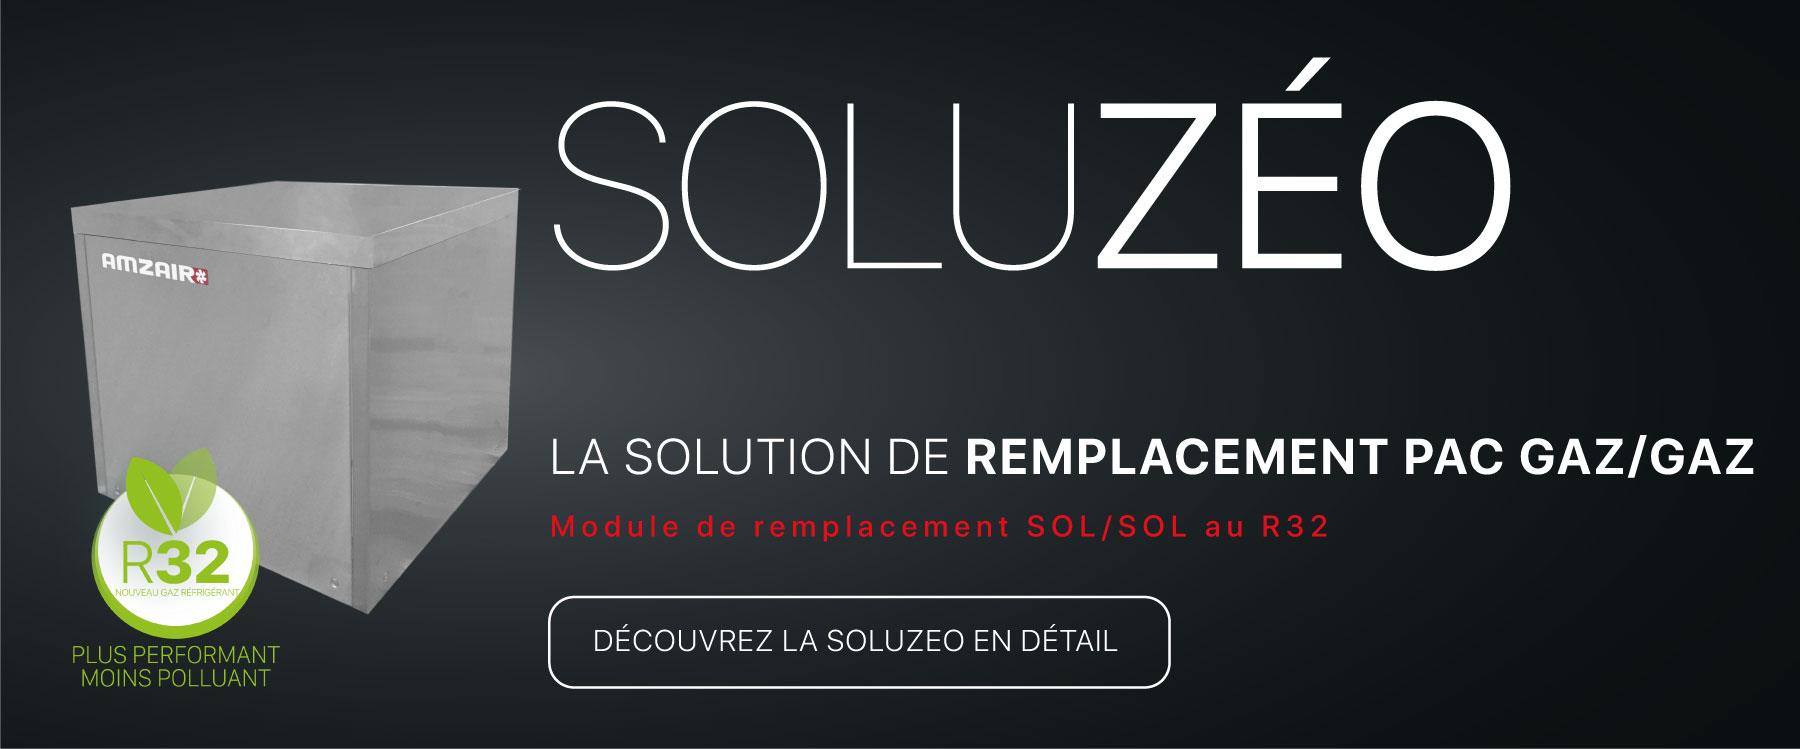 SOLUZEO-est-une-pompe-à-chaleur-pour-remplacement-de-pac-gaz-gaz
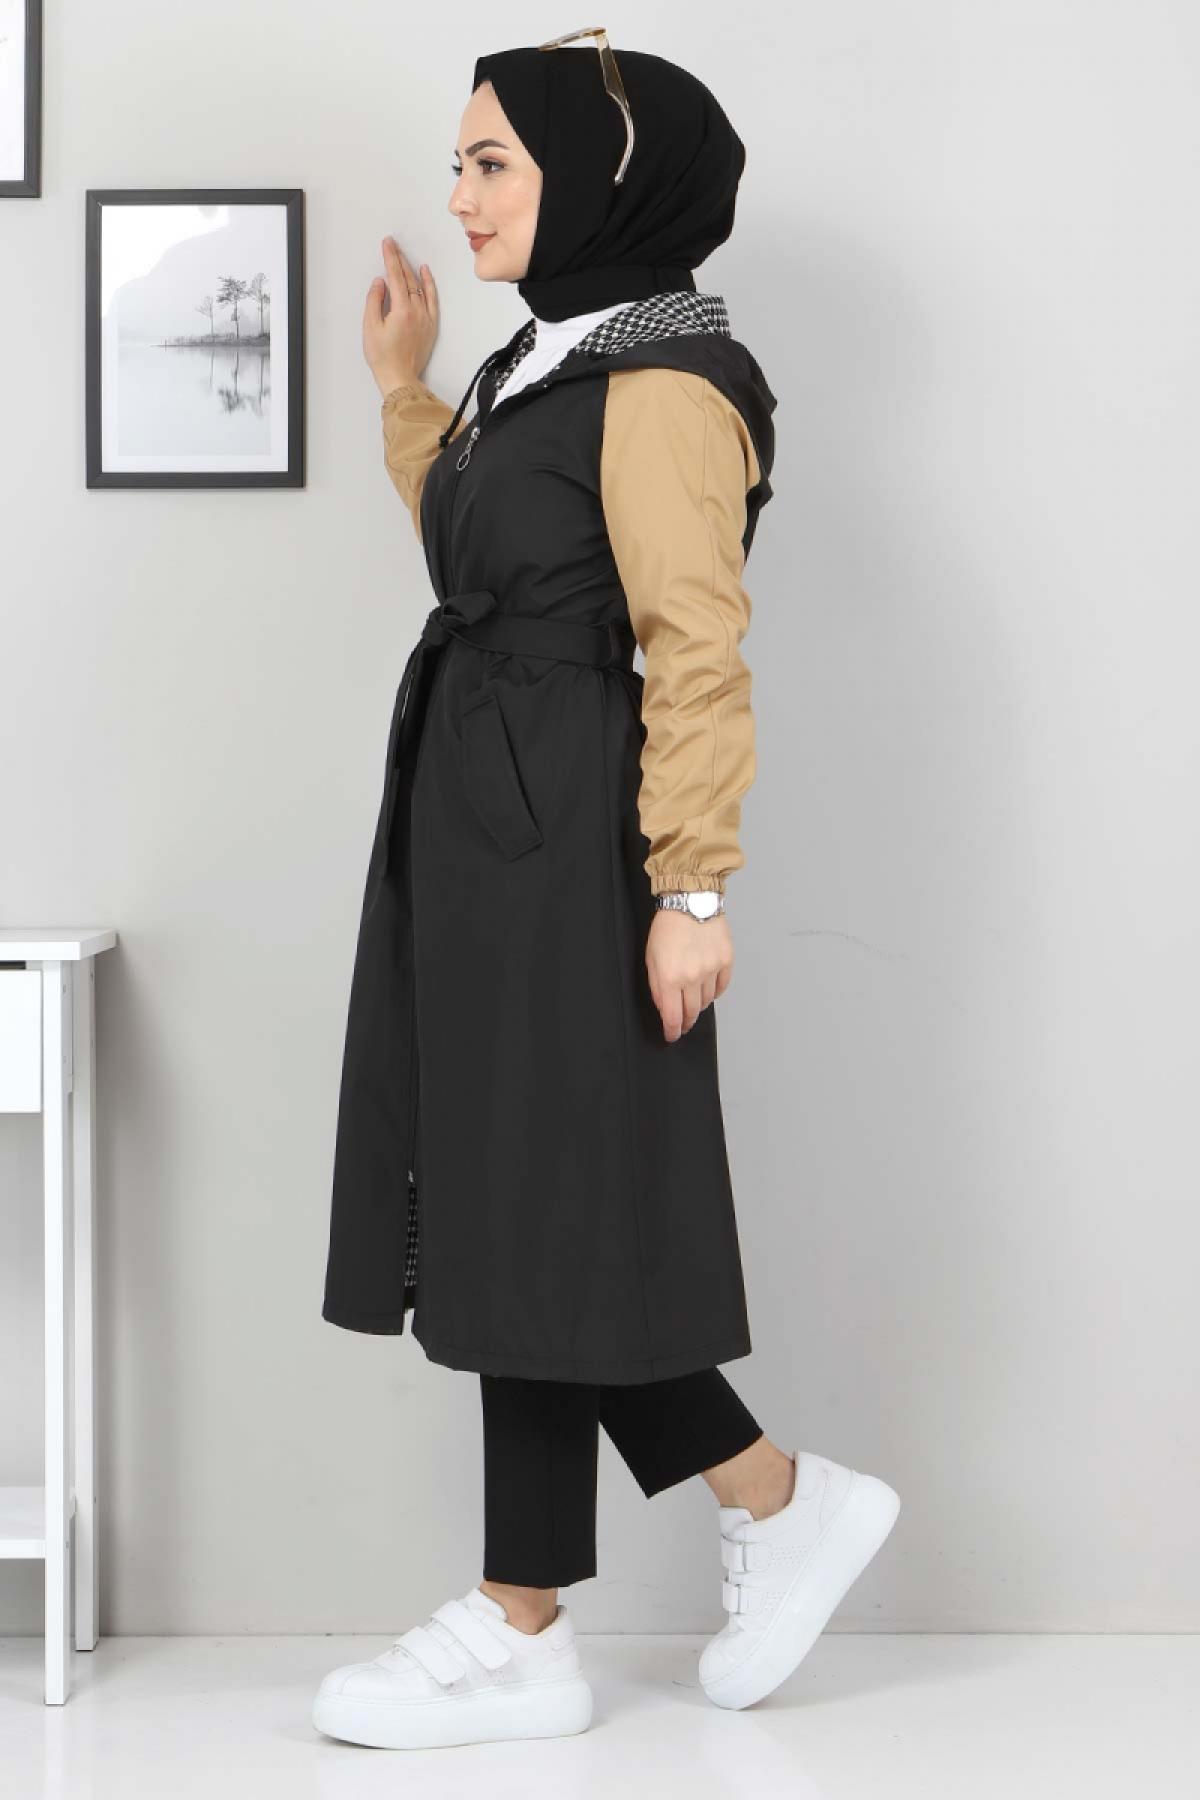 Kapşonlu Renkli Trençkot TSD11926 Siyah
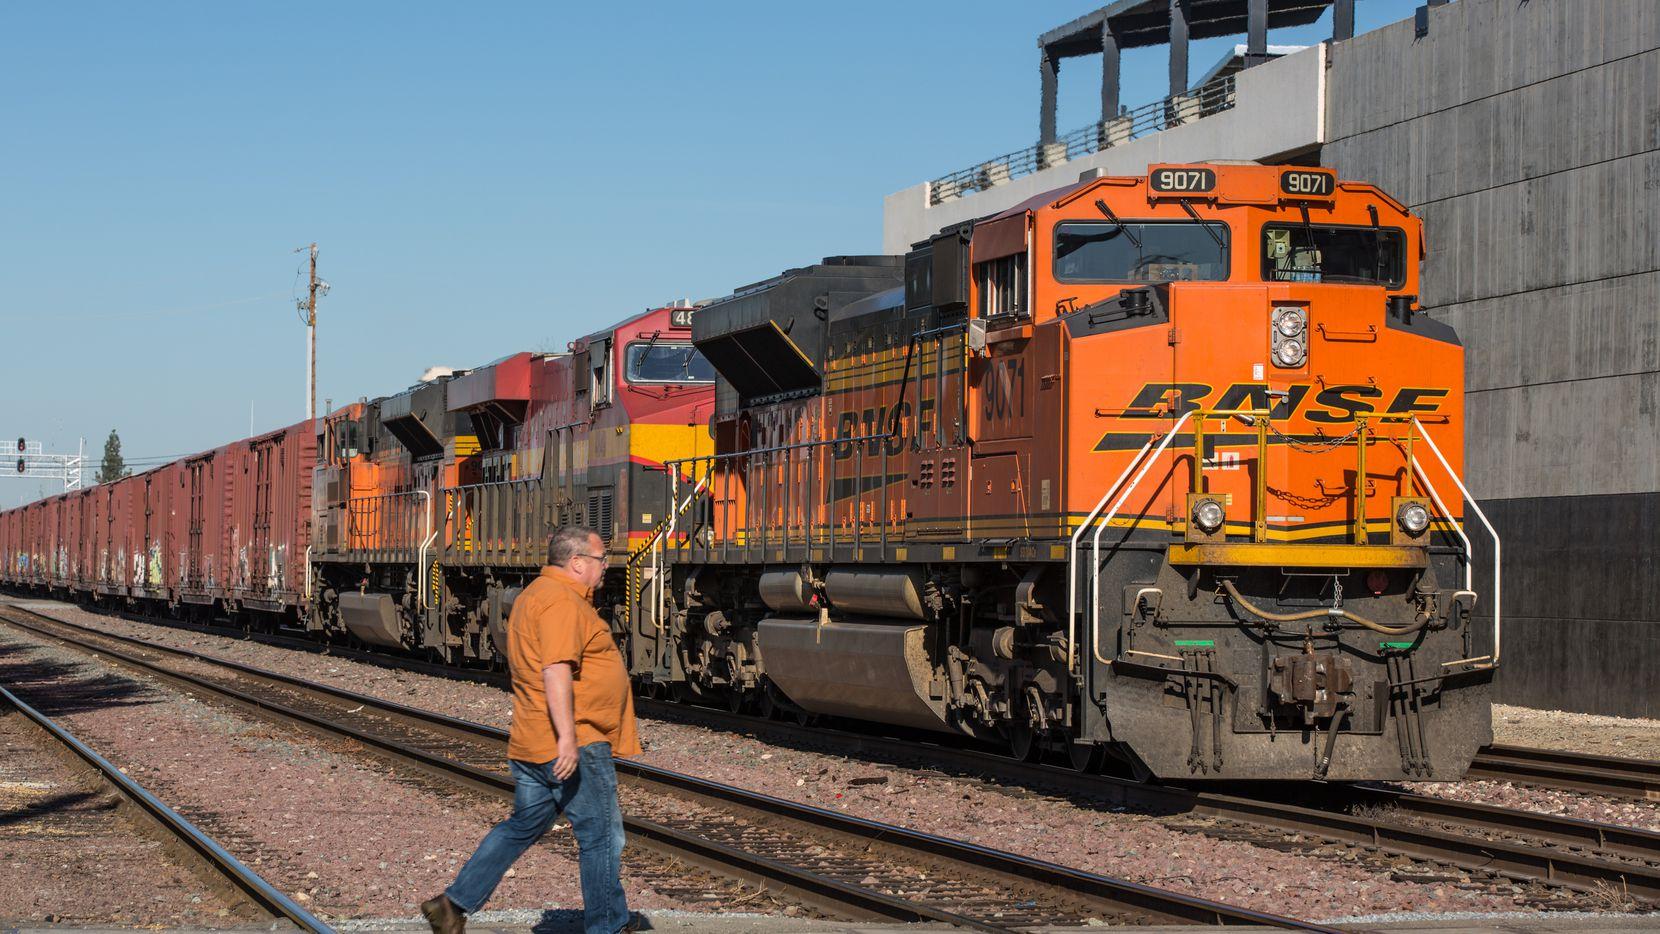 Un tren de Burlington Northern/Santa Fe en la estación de Bakersfield, California.
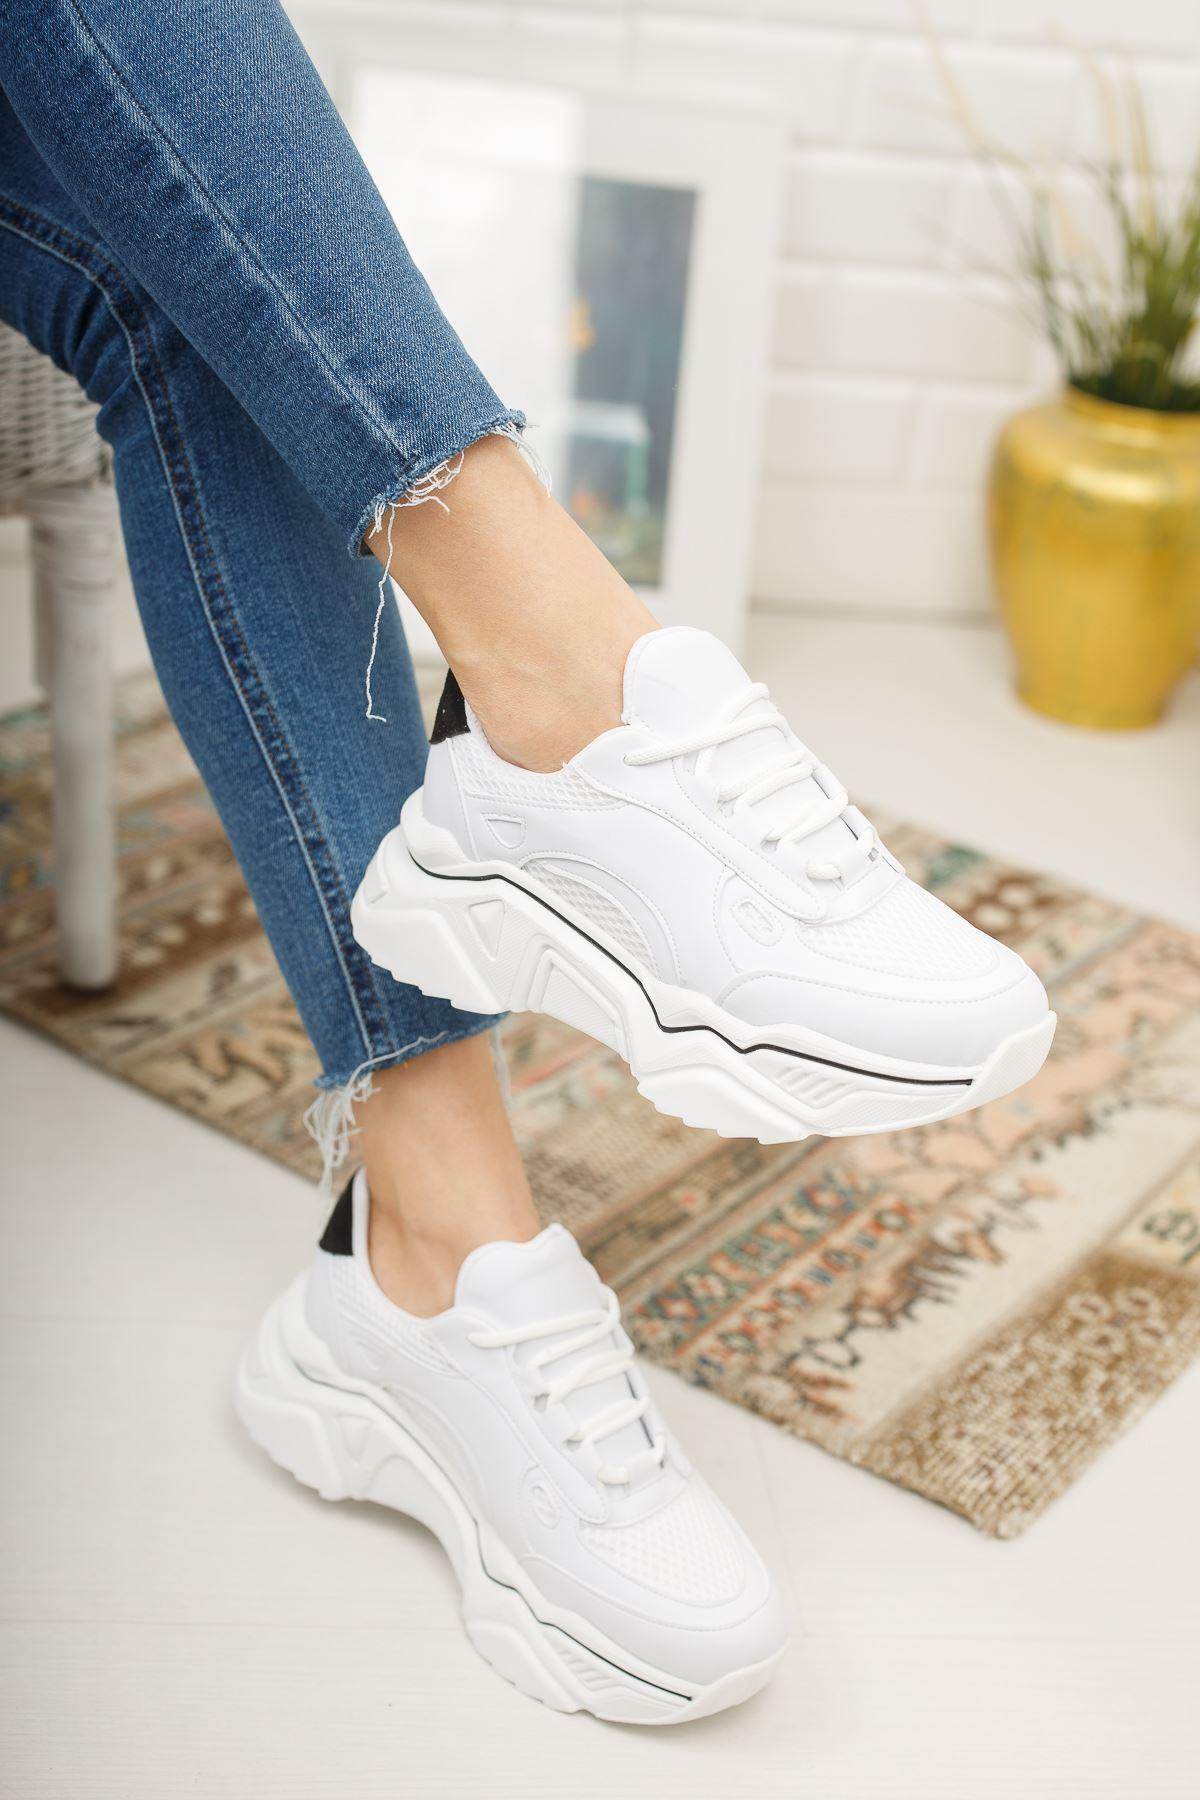 Loza Beyaz Mat Siyah Bağcıklı Kadın Spor Ayakkabı

■ ■ ■ ■

WHAT THE EXERCISE ASKS:
Retype the data above verbatim, minus images.

EXERCISE OUTPUT:
 SOLUZEO-est-une-pompe-à-chaleur-pour-remplacement-de-pac-gaz-gaz
 Kapşonlu Renkli Trençkot TSD11926 Siyah
 Un tren de Burlington Northern/Santa Fe en la estación de Bakersfield, California.
 Loza Beyaz Mat Siyah Bağcıklı Kadın Spor Ayakkabı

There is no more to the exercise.